Berlin. Am Mittwoch wählen die Niederlande. Ministerpräsident Rutte punktet mit seiner Haltung zur Türkei – Geert Wilders verliert Zustimmung.

In Brüssel bastelt man seit einiger Zeit an Albtraumszenarien: Wenn bei den Parlamentswahlen in den Niederlanden am Mittwoch die rechtspopulistische Partei von Geert Wilders stärkste Kraft wird, schwappt die Welle über ganz Europa. Dann würde die rechtsextreme Kandidatin Marine Le Pen im Frühjahr möglicherweise in den Élysée-Palast getragen, befürchten die Schwarzmaler. Die EU in ihrer heutigen Form wäre passé. Wer weiß, welchen Schub das der AfD bei den Bundestagswahlen im September verleihen würde?, unken die Pessimisten.

Wilders hatte lange Zeit mit islamophoben Parolen und einer großen sozialpolitischen Wundertüte viele Wähler fasziniert. Die Sparvorschläge des rechtsliberalen Ministerpräsidenten Mark Rutte, einem der treuesten Mitstreiter von Finanzminister Wolfgang Schäuble, wischte er vom Tisch. Weniger Zuzahlungen bei der Krankenversicherung, späteres Renteneintrittsalter, lauteten seine wahltaktischen Bonbons.

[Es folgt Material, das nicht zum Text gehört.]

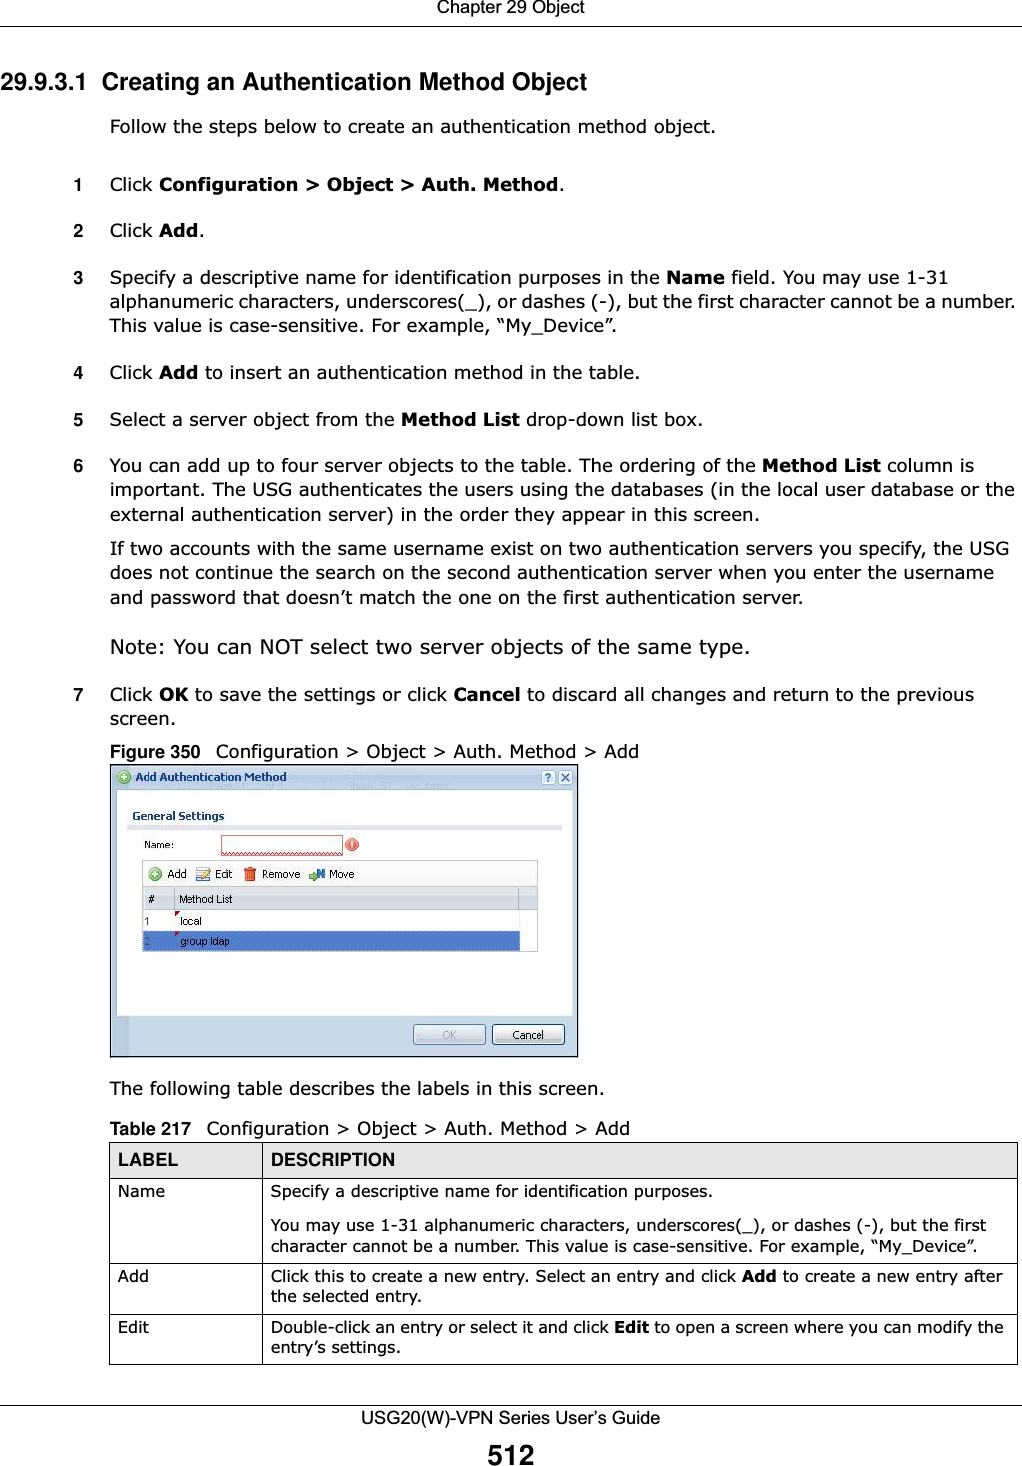 Chapter 29 ObjectUSG20(W)-VPN Series User’s Guide51229.9.3.1  Creating an Authentication Method Object Follow the steps below to create an authentication method object.1Click Configuration &gt; Object &gt; Auth. Method.2Click Add.3Specify a descriptive name for identification purposes in the Name field. You may use 1-31 alphanumeric characters, underscores(_), or dashes (-), but the first character cannot be a number. This value is case-sensitive. For example, “My_Device”.   4Click Add to insert an authentication method in the table.5Select a server object from the Method List drop-down list box.6You can add up to four server objects to the table. The ordering of the Method List column is important. The USG authenticates the users using the databases (in the local user database or the external authentication server) in the order they appear in this screen. If two accounts with the same username exist on two authentication servers you specify, the USG does not continue the search on the second authentication server when you enter the username and password that doesn’t match the one on the first authentication server. Note: You can NOT select two server objects of the same type. 7Click OK to save the settings or click Cancel to discard all changes and return to the previous screen. Figure 350   Configuration &gt; Object &gt; Auth. Method &gt; Add The following table describes the labels in this screen.  Table 217   Configuration &gt; Object &gt; Auth. Method &gt; AddLABEL DESCRIPTIONName Specify a descriptive name for identification purposes. You may use 1-31 alphanumeric characters, underscores(_), or dashes (-), but the first character cannot be a number. This value is case-sensitive. For example, “My_Device”.Add Click this to create a new entry. Select an entry and click Add to create a new entry after the selected entry.Edit Double-click an entry or select it and click Edit to open a screen where you can modify the entry’s settings.

Wilders’ Partei knickt in den Umfragen ein

Doch seit einigen Tagen erlebt Wilders’ Partei für die Freiheit (PVV) einen Knick in den Umfragen. Sie liegt knapp auf Platz zwei hinter der Rutte-Partei. Gut möglich, dass der europaweite Türkei-Streit dem Regierungschef nützt. Der ließ zwei Wahlkampfauftritte von türkischen Ministern vor dem Referendum am 16. April platzen und handelte sich daraufhin eine Kanonade mit Nazi-Beleidigungen aus Ankara ein. Die geografisch kleine Niederlande bietet dem gewichtigen Nato-Partner Türkei und dessen verbal ausrastenden Präsidenten Recep Tayyip Erdogan die Stirn: Mit dieser Klare-Kante-Politik wird Rutte bei seinen Landsleuten punkten. Viele hätten dem bedächtigen Premier, der den diskreten Charme eines Buchhalters hat, eine derart kraftvolle Vorstellung nicht zugetraut.

Hinzu kommt, dass sich Wilders in eine solche Außenseiterrolle kapriziert hat, dass niemand mit ihm koalieren will. In einem Elf-Parteiensystem wie den Niederlanden ist dies aber politischer Selbstmord. Wer vorhat, zu regieren, muss sich auf Kompromisse einlassen. Einige der Protestwähler, die bislang Wilders zuneigten, haben sich offenbar abgewendet.

Sie wollen ihre Stimme nicht verschenken und wechseln zur Konkurrenz. Das war dem Mann mit der blonden Haartolle bereits 2012 zum Verhängnis geworden. Dieser hatte damals seine Unterstützung für die Minderheitsregierung aus Rechtsliberalen und Christdemokraten zurückgezogen – aus Protest gegen die Senkung von Staatsausgaben. Bei den Wahlen danach wurde er abgestraft.

Soziale Schieflagen begünstigen die Rechtspopulisten

Dennoch verfügen die niederländischen Rechtspopulisten über eine beträchtliche Wählerbasis, vor allem bei den Arbeitslosen und Geringverdienern. Seit 2008 gab es etliche Privatisierungen im Gesundheitssystem, die Versorgung der Alten und Kranken wurde auf die Familien abgeschoben.

Auch in Frankreich profitiert der rechtsextreme Front National von sozialen Schieflagen: Die Arbeitslosenrate klebt an der Zehn-Prozent-Marke. Viele kommen nur mit Niedriglohnjobs über die Runden. Vor allem in dieser Klientel verfangen die ausländerfeindlichen Sprüche der Spitzenkandidatin Marine Le Pen. In Deutschland hat die AfD in letzter Zeit vor allem deshalb Federn gelassen, weil SPD-Kanzlerkandidat Martin Schulz die Hartz-IV-Reformen zurückdrehen will.

Es gibt zwar kein Patentrezept gegen den Rechtspopulismus in Europa. Aber zwei Faktoren verbessern die Chancen bei der Abwehrschlacht: eine Politik der sozialen Balance, die sich auch um die unteren Einkommensschichten kümmert, und eine Flüchtlingspolitik, die Grenzen bei der Aufnahme setzt.